6.10.1942 года. Русские вновь укрепились в районе кустарника и окопались там. В 2.20 к участку 6-й роты приближается телега, к которой прицеплено одно противотанковое орудие в сопровождении стрелкового взвода. Противник допущен на расстояние 50 метров и затем расстрелян. Под огневым прикрытием 20 мм зенитного орудия была выслана ударная группа Ноак 6-й роты, которая захватила не поврежденное орудие, при этом русские потеряли 10 человек убитыми. В 16.30 на участке 5-й роты русские также приблизились. Была выслана ударная группа фон Кастермана 5-й роты для того, чтобы очистить кустарник перед участками 5-й и 7-й рот. Противнику удалось ускользнуть, ударная группа установила перед участком 7-й роты 40 человек убитых. В 21.00, противник вновь находится в кустарнике. Особенно близко он приближается к переднему краю на участке 5-й роты. По показаниям пленных, русские должны овладеть деревней и наступать во фланг наших позиций с севера.

7.10.1942 года. На всем участке противник активных действий не вел. В 17.10 саперный взвод 8-й роты заминировал участок кустарника перед фронтом 7-й роты.

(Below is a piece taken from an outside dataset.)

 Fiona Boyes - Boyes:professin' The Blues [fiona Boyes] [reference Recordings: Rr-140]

8.10.1942 года. После сильной артиллерийско- минометной подготовки, русские атаковали деревню на участке 5-й роты. Последняя открыла огонь при приближении противника на 100 метров. Этим огневым нападением, атак противника разбита. Всего несколько русских солдат достигли хлопкового поля. Перед участком 7-й роты, противник снова укрепился в кустарнике. В 13.00, несмотря на понесенные потери, русские снова атаковали деревню, но атака была снова отбита и противник потерял убитыми 80 человек. Потерпев поражение, противник отошел на позиции на хлопковом поле. В 18.00, от каждой роты выслан дозор, который выставляет на расстоянии 500 метров, не доходя переднего края обороны, щит с заставкой, агитирующий за переход на нашу сторону. Кроме того, рота пропаганды, по радио, ведет агитацию за переход на нашу сторону. В результате проведенной работы, на участке 5-й роты, перебежало 20 человек.

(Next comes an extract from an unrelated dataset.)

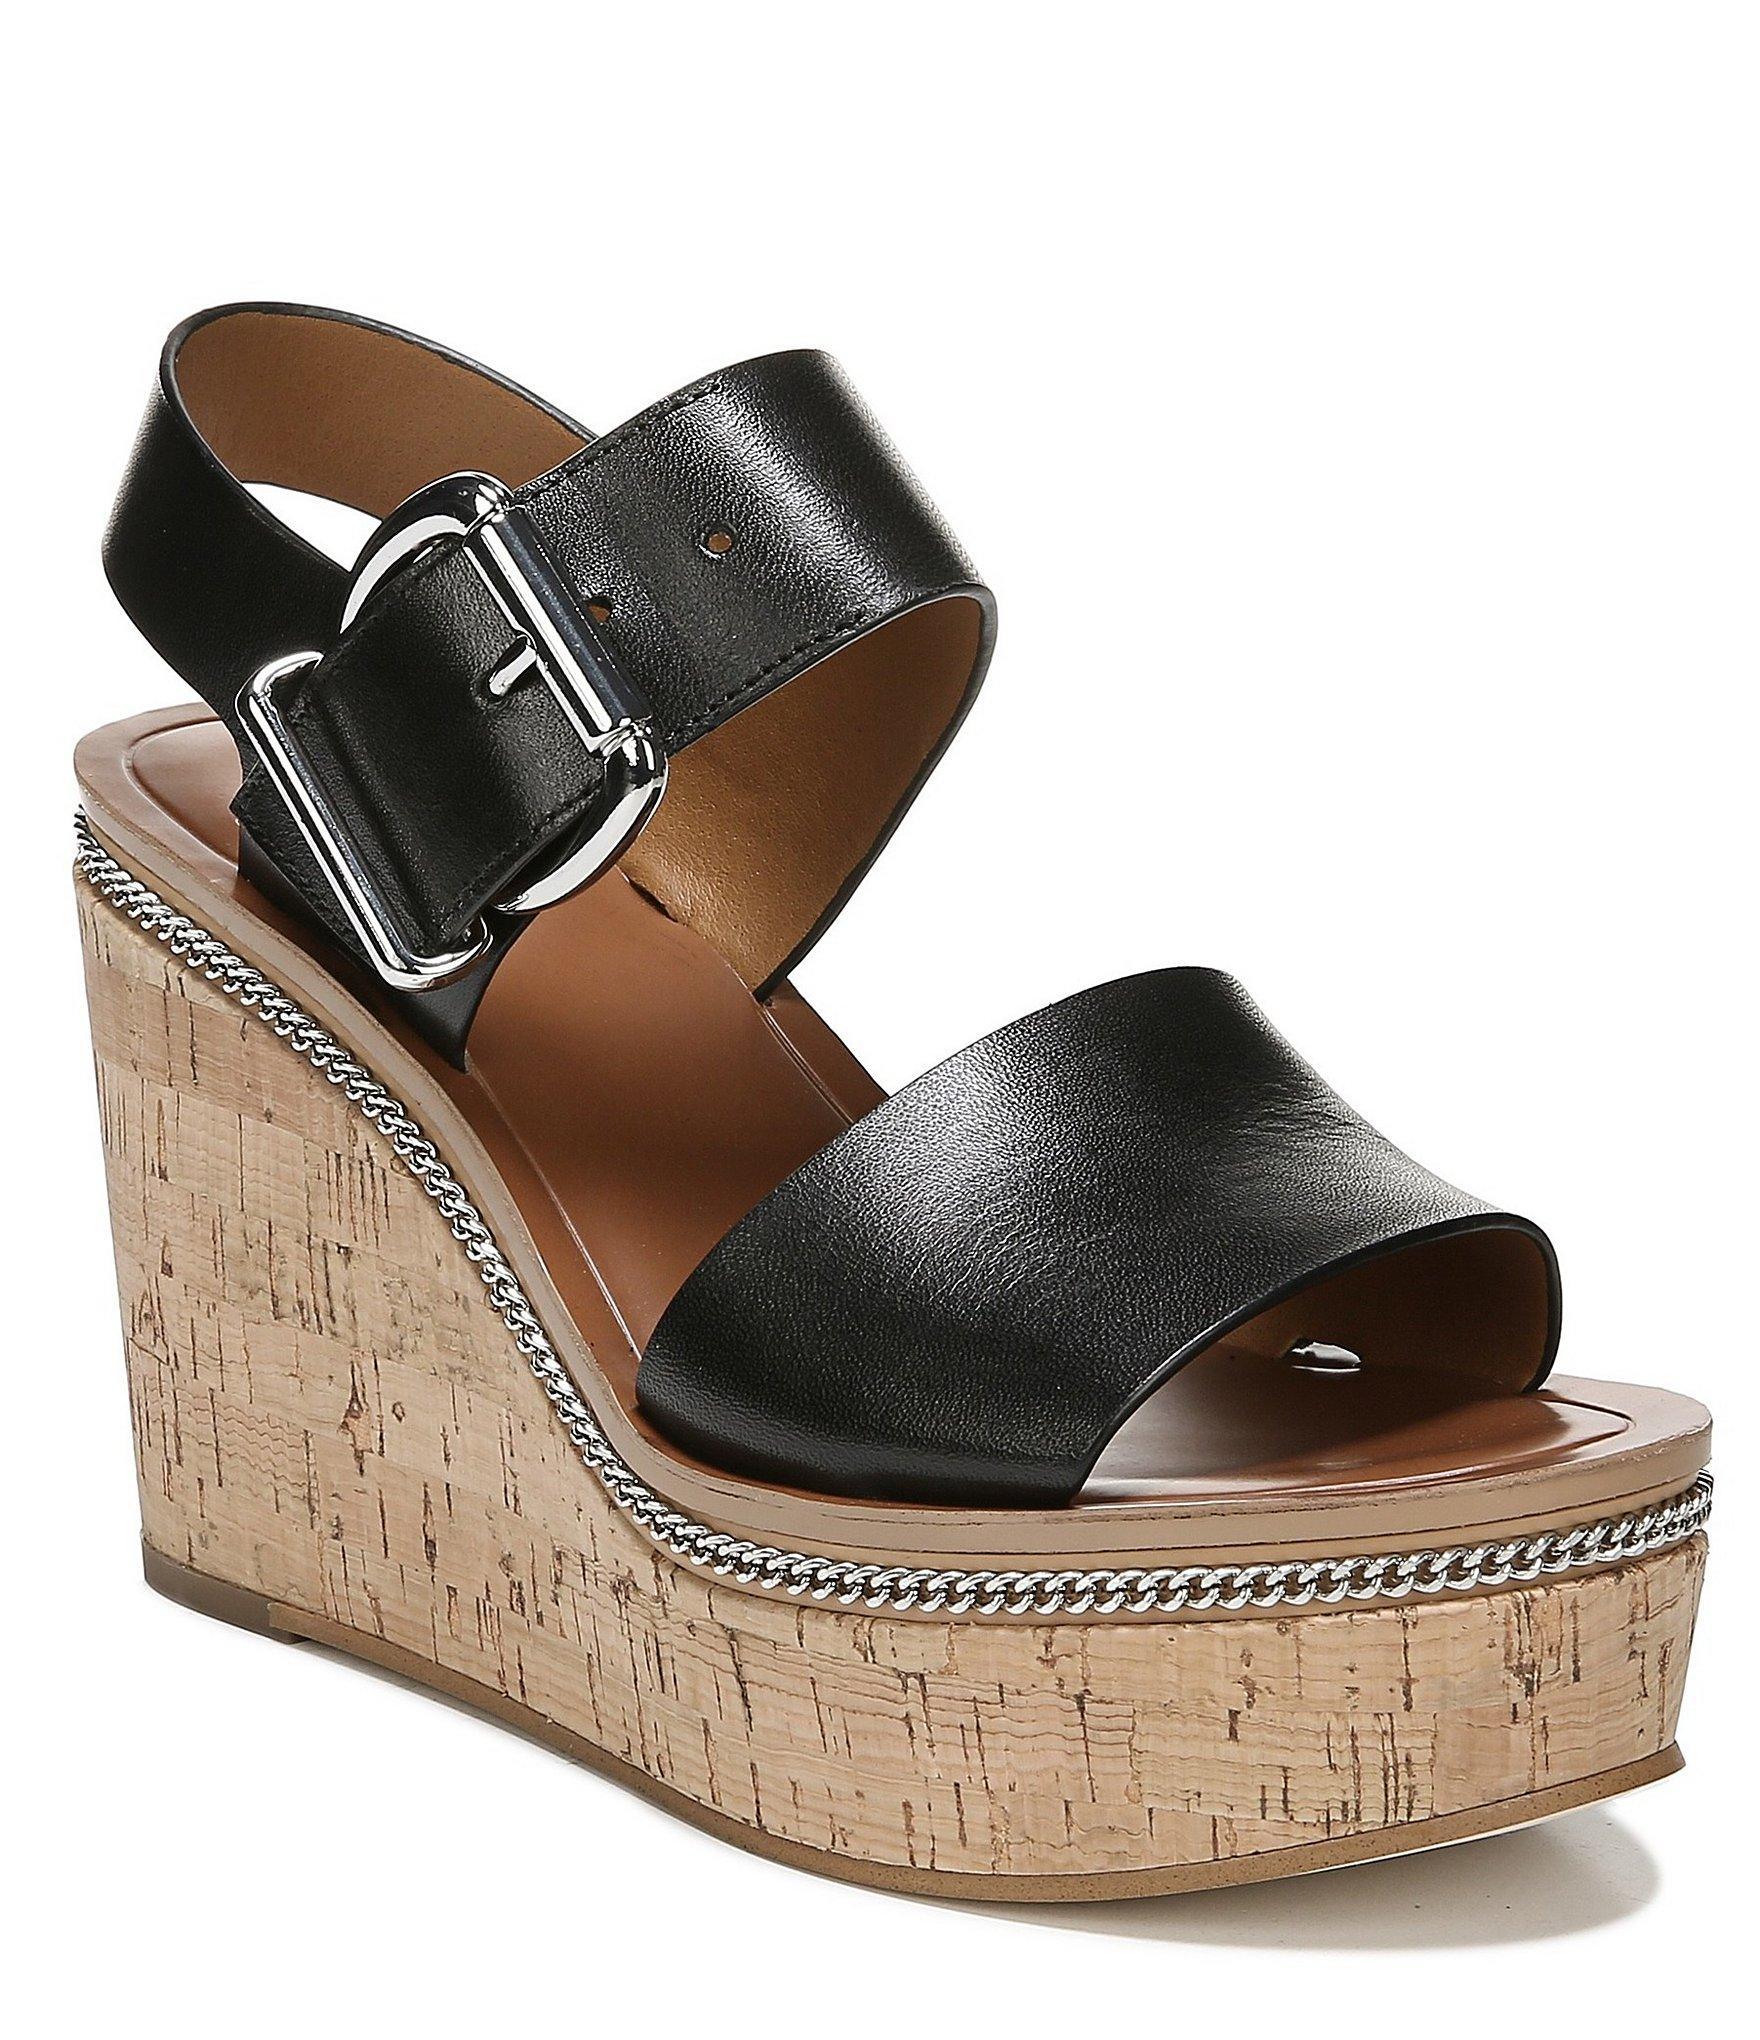 6f887c3eb53b Franco Sarto Sarto By Polly Leather Platform Wedge Sandals in Black ...

9.10.1942 года. Ведением постоянной разведки, было установлено начертание переднего края обороны русских. В 15.00 авиаразведкой, на высоте Алпатово, было обнаружено 8 танков.

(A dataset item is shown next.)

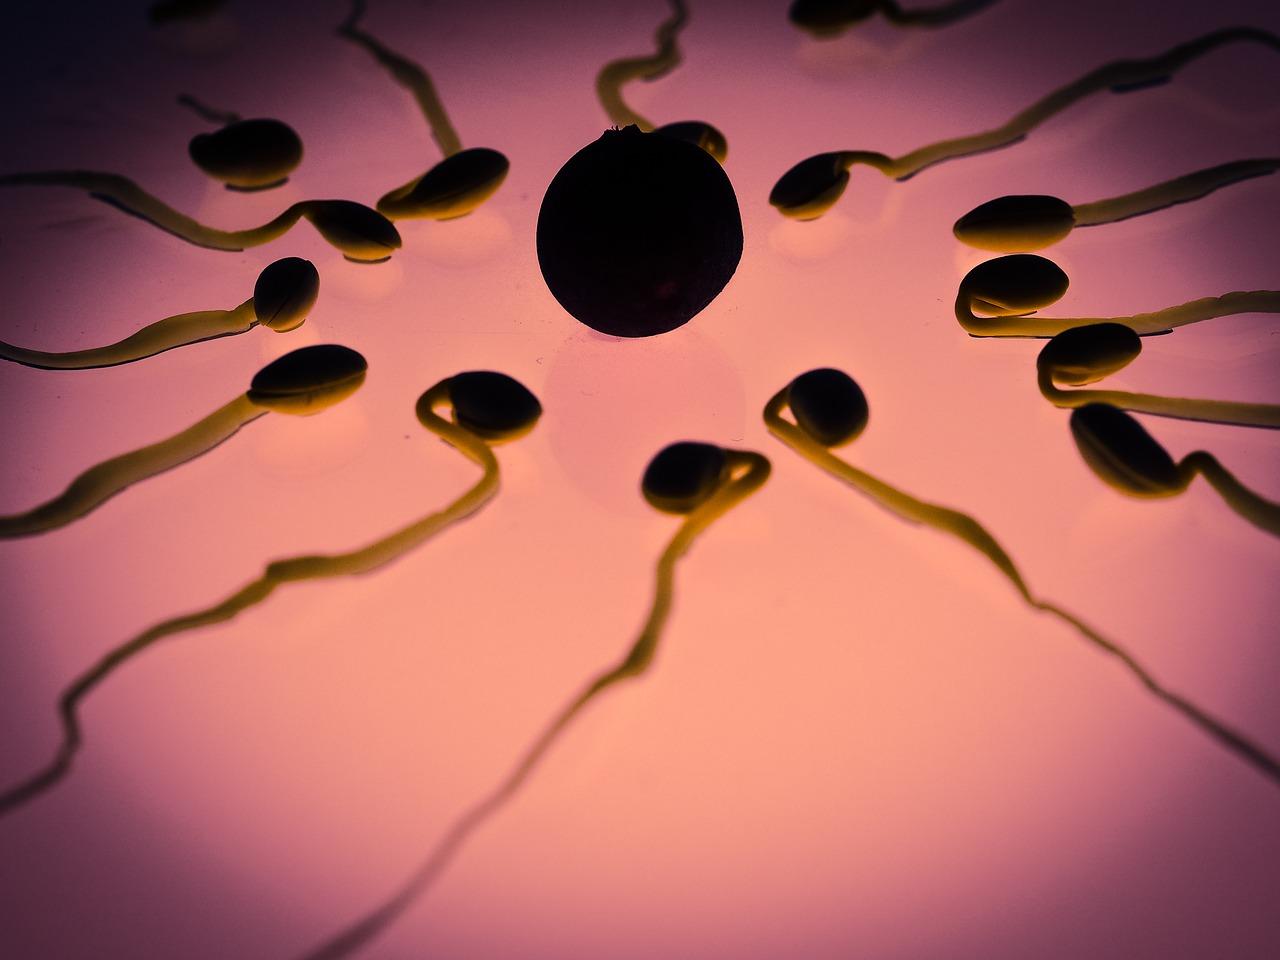 femeia la ovulatie - sfatulparintilor.ro - pixabay_com

10.10.1942 года. В течение ночи слышен гул автомашин и переброска войск. На рассвете секреты донесли, что ими установлено по шуму гусениц, приближение танков противника. В 10.30 нами был внезапно открыт шквальный артиллерийский огонь по всем позициям противника. Противник ведет такой же огонь. Вскоре, всю местность, заволокло дымом и под прикрытием этой дымовой завесы приближались 8 русских танков. 6 из них прорвались через деревню занятую 5-й ротой, 2 танка следовавших далее были там уничтожены противотанковыми пушками в ближнем бою. Прорвавшиеся танки приближались к участку 7-й роты. Один легкий и один тяжелый танки, достигнув кустарника, повернули к югу в направлении ж.д. насыпи, которую они пересекли в районе высоты занятой 6-й ротой, с целью прорыва к Ищерская, на пути куда, они были уничтожены. Из числа 4-х танков, наступавших на участке 7-й роты, один из них прорвался к месту расположения командного пункта и там был поврежден 88 мм зенитным орудием. Остальных 3 танка остались на хлопковом поле, где 2 из них были расстреляны 88 мм зенитным орудием. Наступление пехоты было приостановлено минным полем и сосредоточенным огнем пехотного оружия. В 14.00 для контратаки прибыли две танковые роты, одновременно с ними в наступлении приняли участие подразделения 5-й и 7-й рот. Было захвачено 100 пленных. Наши танки уничтожили последний танк русских, американского типа. Были захвачены следующие трофеи: 2 станковых пулемета, 4 ручных пулемета, 7 противотанковых ружей, 2 миномета, 44 автомата, 65 скорострельных винтовок, 74 карабина. Резервная рота 394-го моторизованного полка была, при контратаке, выброшена на 800 метров за передний край. В 16.00, атака полностью разбита. Уничтожено 6 танков. Немедленно, после этого, высланная разведка донесла, что русские отошли на свои оборонительные рубежи.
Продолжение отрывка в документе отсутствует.